Giving this to Whitebeard with the hardest difficulty imaginable.


----------



## Gibbs (Apr 17, 2013)

Dude, those are so outdated. SH4L does not update them





Bonly said:


> Whitebeard wins by default.




Furthermore, no one truly pays attention to that.


----------



## B Rabbit (Apr 17, 2013)

I want to go with Rayleigh.


----------



## Law (Apr 17, 2013)

Torafarugo Ro said:


> I want to go with Rayleigh.


Me too


----------



## Extravlad (Apr 17, 2013)

Old WB is stronger.

Rayleigh is not above the guy who was stronger than everyone including the Yonko,Shanks,the admirals,Dragon and Mihawk even with illness .


----------



## Coruscation (Apr 17, 2013)

I don't see Rayleigh in any shape being the world's clear cut indisputable strongest "King of the Seas". Whitebeard was a monster of monsters old or not. An old Whitebeard would definitely take a lot of damage fighting a prime Rayleigh but I'm confident he would be able to win.


----------



## Yuki (Apr 17, 2013)

WB takes it, i don't see Prime Rayleigh being any stronger than Shanks.


----------



## SsjAzn (Apr 17, 2013)

Old Whitebeard should be stronger than Prime Rayleigh but not by a lot. Old WB with high to extreme difficulty.


----------



## Mihawk (Apr 18, 2013)

Old WB with extreme difficulty.


----------



## barreltheif (Apr 18, 2013)

Prime Rayleigh ~ EoS Zoro ~ Mihawk < Whitebeard


----------



## tanman (Apr 18, 2013)

I'm pretty confident that Whitebeard would take this with very high difficulty.


----------



## Zyrax (Apr 18, 2013)

So Old BB/Kidd/LLaw Are stronger than prime Zolo


----------



## barreltheif (Apr 18, 2013)

CM Pinkie said:


> So Old BB/Kidd/LLaw Are stronger than prime Zolo



BB is of course. Kid and Law aren't, since they're much weaker than WB.


----------



## Shinthia (Apr 18, 2013)

Prime Ray should win this one or do better than Akaino at least


----------



## Urouge (Apr 18, 2013)

yeah going with ray aswell. I think that prime ray is stronger than all of the current top tiers. he's from the strongest generation.


----------



## Coruscation (Apr 18, 2013)

> So Old BB/Kidd/LLaw Are stronger than prime Zolo



Zoro will become stronger than Rayleigh. Kid and Law, maybe even Blackbeard will not become as strong as Whitebeard.


----------



## Kai (Apr 18, 2013)

Is there anything that confirms or even suggests Prime Rayleigh was more powerful than an Admiral?

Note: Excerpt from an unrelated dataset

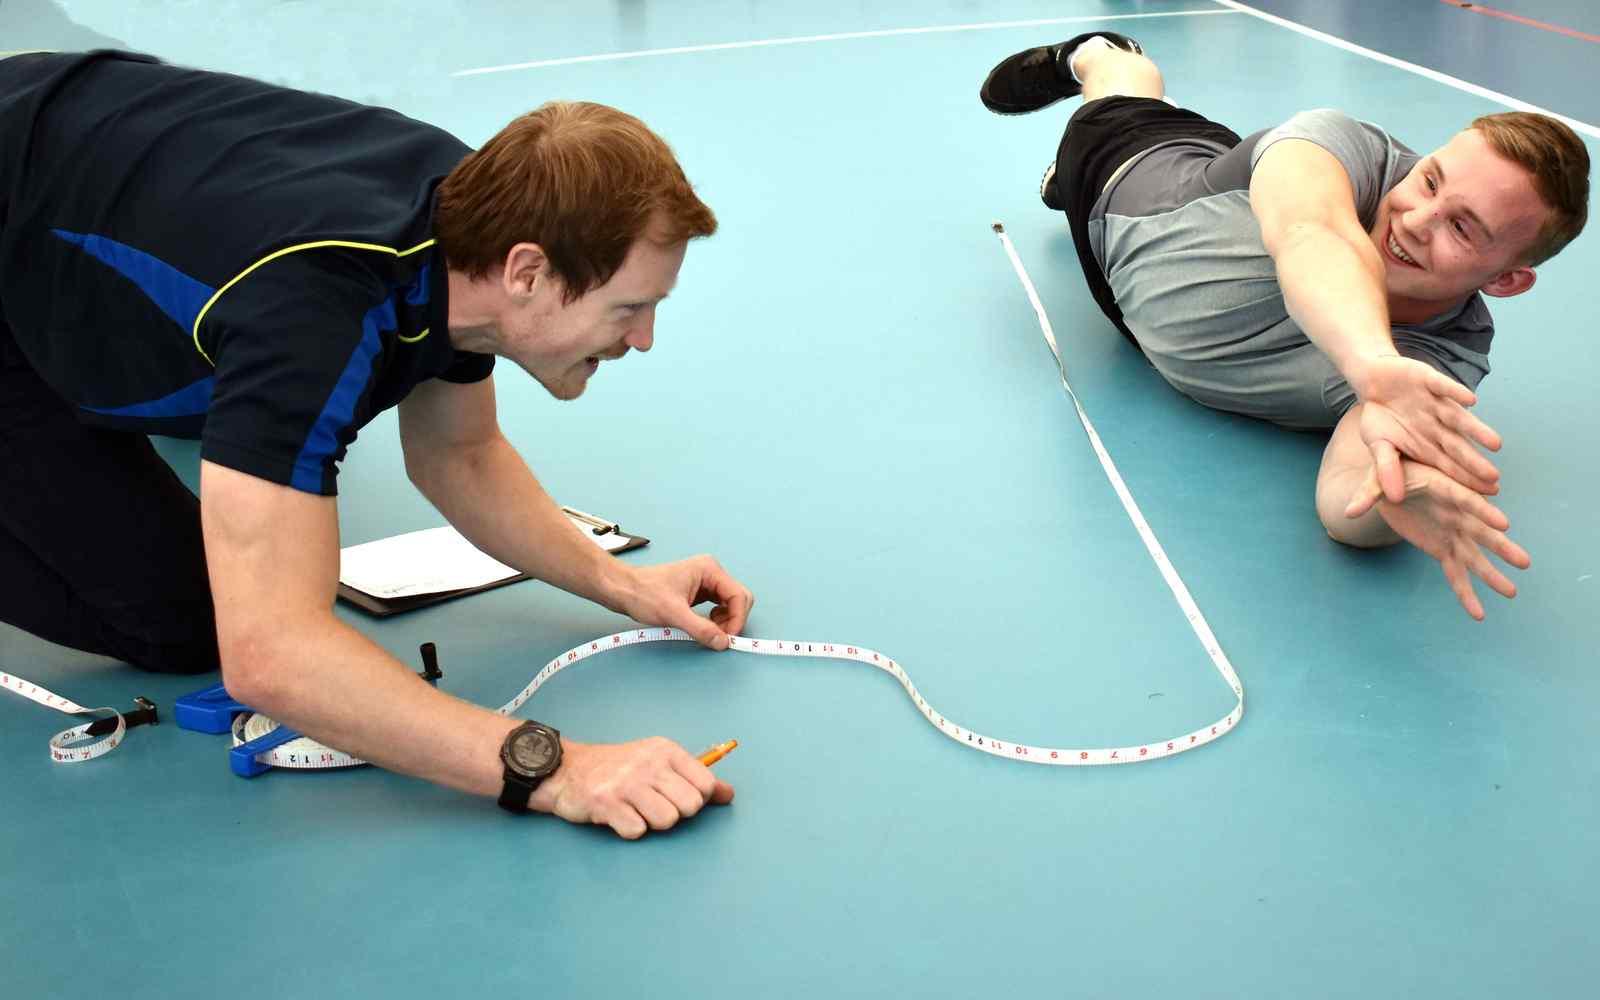 Para-athlete Josh McEntee undergoing fitness testing at YSJ
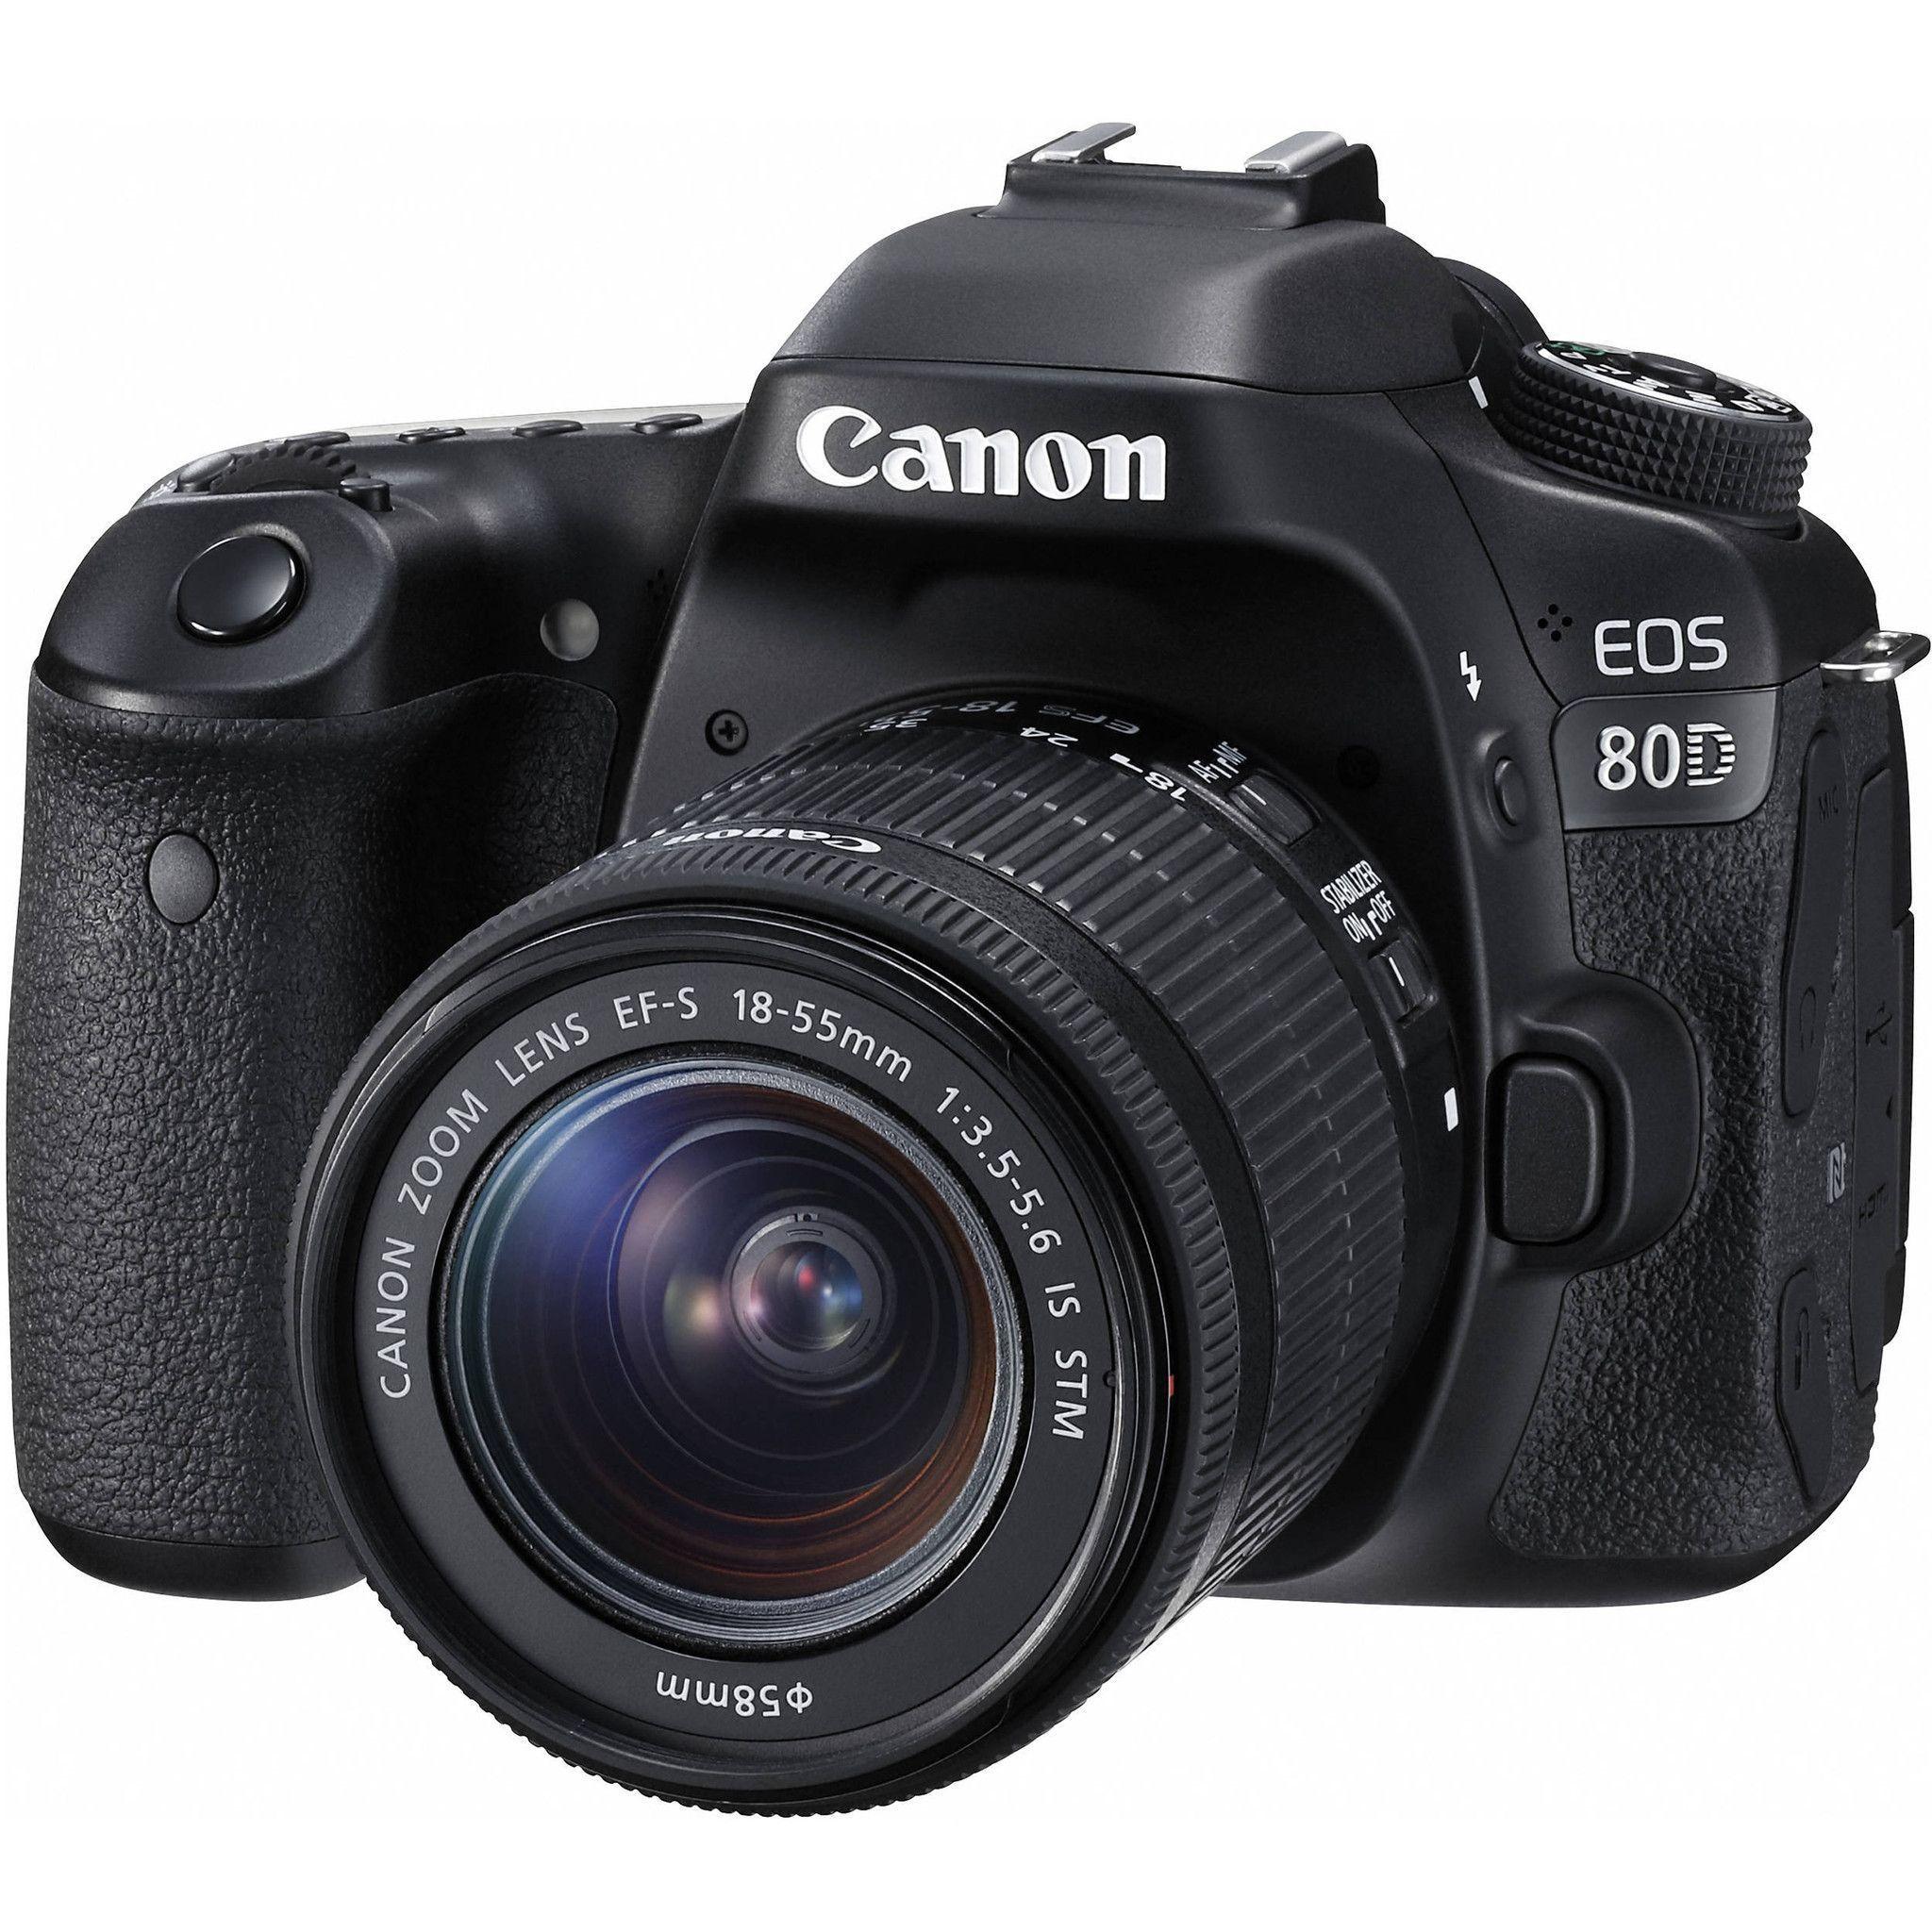 Canon Eos 80d Ef S 18 55mm Is Stm Kit 1263c005 Highlights 24 2mp Aps C Cmos Sensor Digic 6 Image Processor Canon Dslr Canon Camera Models Dslr Camera

Whitebeard in his old age was more powerful than any of the Admirals individually. Very high difficulty win for WB.


----------



## Urouge (Apr 18, 2013)

Coruscation said:


> *Zoro will become stronger than Rayleigh*. Kid and Law, maybe even Blackbeard will not become as strong as Whitebeard.



this is really unfounded. I only see that happen if luffy gets stronger than roger.


----------



## Shinthia (Apr 18, 2013)

Kai said:


> *Is there anything that* confirms or even *suggests** Prime Rayleigh was more powerful than an Admiral?*
> 
> Whitebeard in his old age was more powerful than any of the Admirals individually. Very high difficulty win for WB.



Old Ray (rusty too) was complaining how he could not deal with Kizaru fast enough so that he could help the SH.


----------



## RF (Apr 18, 2013)

Yeah,and Ace was certain that he could kill Whitebeard...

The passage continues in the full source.